Слава Богу, я опять один, в своей сумрачной конуре, среди дорогих мне портретов, среди верных друзей — книг, над которыми когда-то много плакалось, которые заставляли биться сердце так, как оно устало и разучилось уже биться теперь.
Сколько дорогих пометок хранят свято эти мои неизменные друзья, никогда ни в чем не клявшиеся, но зато и не нарушавшие постыдно обетов. А сколько клятв и уверений брошено на воздух, хуже — на мостовую, под ноги снующей толпы! Сколько рук, когда-то протягивавших тебе объятия, теперь отвечают только холодным пожатием, может быть, даже с насмешкою указывают на тебя своим новым друзьям, которые были и будут всегда твоими заклятыми врагами. А сколько близких людей пришлось потерять, так или иначе… разве для сердца не все равно? Вот он, этот разбитый портрет. Когда-то… опять эти воспоминания! Но зачем, минувшее, снова восстаешь ты в моем воображении теперь, в эту ненастную декабрьскую ночь? Зачем ты смущаешь меня, нарушаешь мой покой призраками того, что прошло и невозвратимо?.. Невозвратимо! Это сознание больно до слез, страшно до отчаяния!
Но улыбающийся призрак не исчезает, не уходит прочь. Он точно наслаждается мучениями, хочет, чтобы слезы, подступающие к горлу, полились на страницы старой тетради, чтобы хлынула кровь из растравленной раны и глухая скорбь, молчаливо притаившаяся в сердце, судорожными рыданиями вырвалась бы наружу.

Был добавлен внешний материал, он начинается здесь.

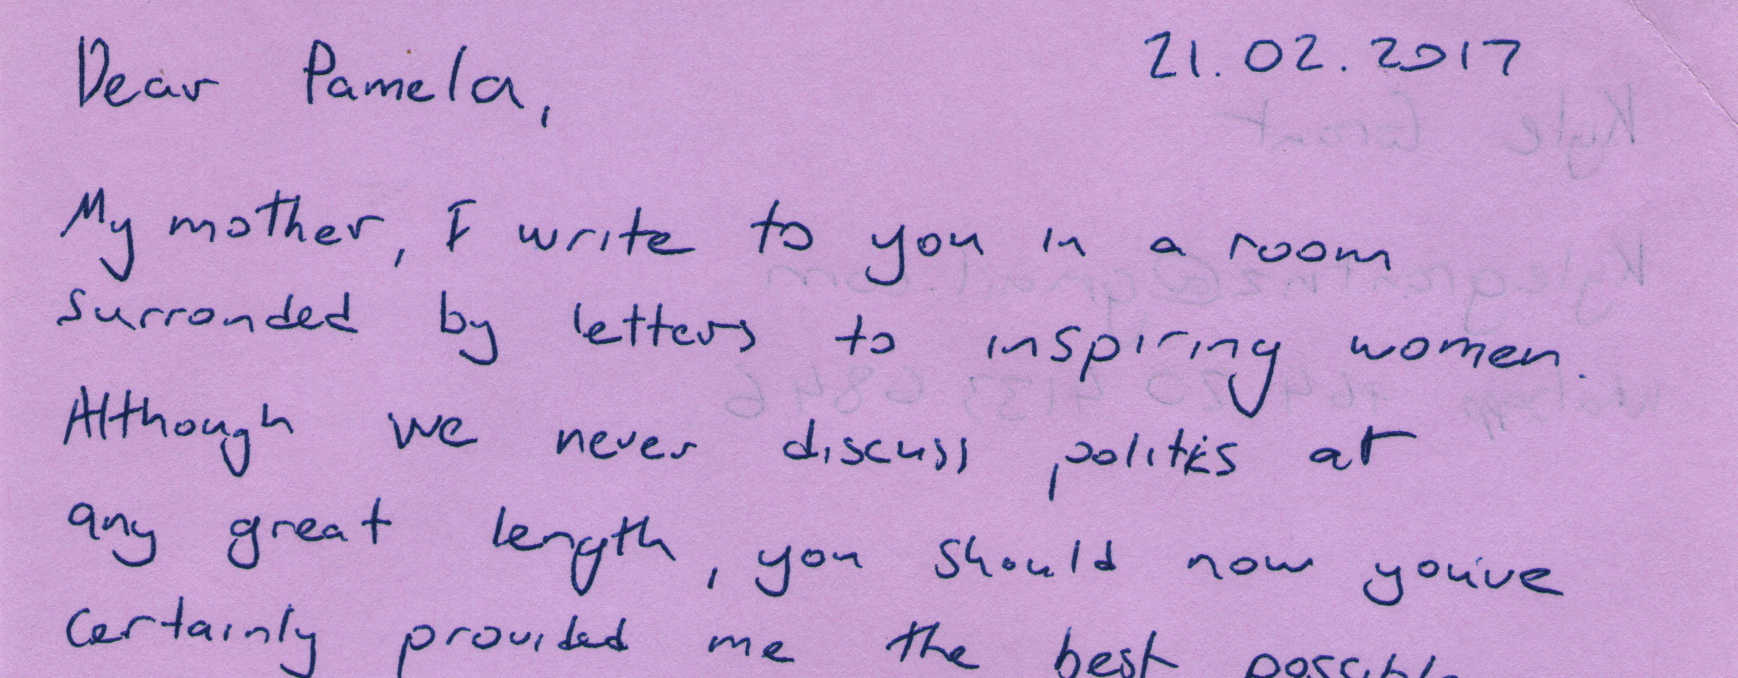 Letter to Pamela Grant from Kyle Grant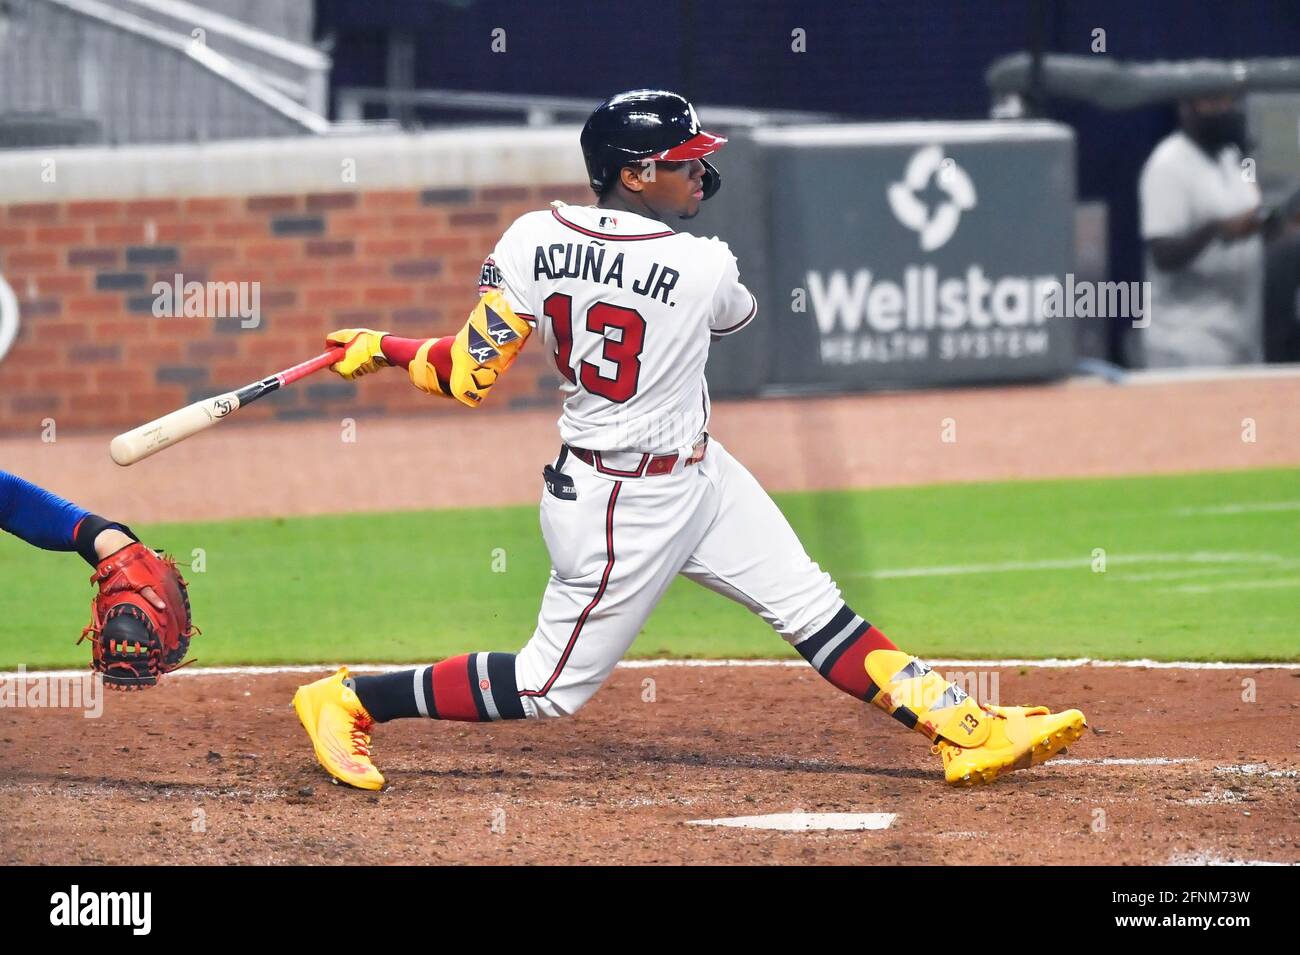 April 29, 2021: Atlanta Braves outfielder Ronald Acuna Jr. runs to

Что осталось от прошлого? Страшно ответить! И страшно, и больно. Когда-то верилось, надеялось — а во что верить теперь? На что надеяться? Чем гордиться? Гордиться ли тем, что имеешь руки работать для себя; голову, чтобы думать о себе; сердце, чтобы страдать, тоскуя о прошлом?
Идешь вперед бесцельно, бездумно; идешь, и, когда, утомленный, остановишься для минутного роздыха, в голове шевелится неотвязная мысль, а сердце занывает от мучительного желания: «Ах, если бы можно было полюбить! Если бы было кого любить!» Но нет! некого и нельзя! Что разбито вдребезги, то уже нельзя восстановить.
А вьюга шумит и с болезненным стоном хлещет мокрым снегом в окно.
О, недаром так неотвязно стоит предо мною улыбающийся призрак прошлого! Недаром опять выплывает светлый и милый образ! Декабрьская ночь! Такая же вьюжная, такая же бурная была та декабрьская ночь, в которую разбился этот портрет, склеенный после и теперь опять стоящий на моем письменном столе. Но не только один портрет разбился в эту ненастную декабрьскую ночь, вместе с ним разбились и те грезы, те надежды, что зародились в сердце в одно ясное апрельское утро.
‹…›
В начале ноября я получил из Энска телеграмму о болезни матери. Бросив все дела, я полетел с первым же поездом на родину. Мать я застал уже мертвою. В ту самую минуту, когда я входил в дверь, ее клали на стол.
Обе сестры мои были убиты горем, которое совершенно неожиданно постигло нас. И по просьбе сестер, и по требованию дел, оставшихся после матери неоконченными, я решил прожить в Энске до средины декабря. Если бы не Женя, я остался бы, может быть, и на Рождество; но меня влекло к ней, и я 15 или 16 декабря уехал в Петербург.
Прямо с вокзала я проехал к Лихачевым.
Никого не было дома.
— Где же они? — спросил я.
— Да уехали в «Ливадию». Целая компания!
— И Евгения Александровна?
— И оне-с.
— Что она? Здорова?
— Ничего-с, веселые такие; об вас только все вспоминают.
Я велел кланяться и уехал. На другой день рано утром ко мне явился посыльный с письмом. Оно было от Жени. Она убедительно просила приехать к Лихачевым к обеду. «Непременно», — подчеркивала она.
Я приехал.
Она радостно встретила меня.
— Наконец-то! Наконец-то! Разве можно было так долго оставаться? Мы все здесь, особенно я, соскучились без вас, — говорила она.
— Не думаю, — сказал я, слегка улыбаясь. — В «Ливадии»…
— Ах, как там было весело, милый Сергей Иванович! Как весело! А вы не рассердитесь? Нет? Скажите, что нет, — вдруг как-то робко, тихо проговорила она.
— Что такое?
— Я завтра еду в маскарад. Какой костюм! Я… нет, я вам теперь не скажу. Вы завтра будете у нас?
— Нет, не буду. Завтра весь вечер я буду занят.
— Ну так я заеду перед маскарадом. Можно? Позволите?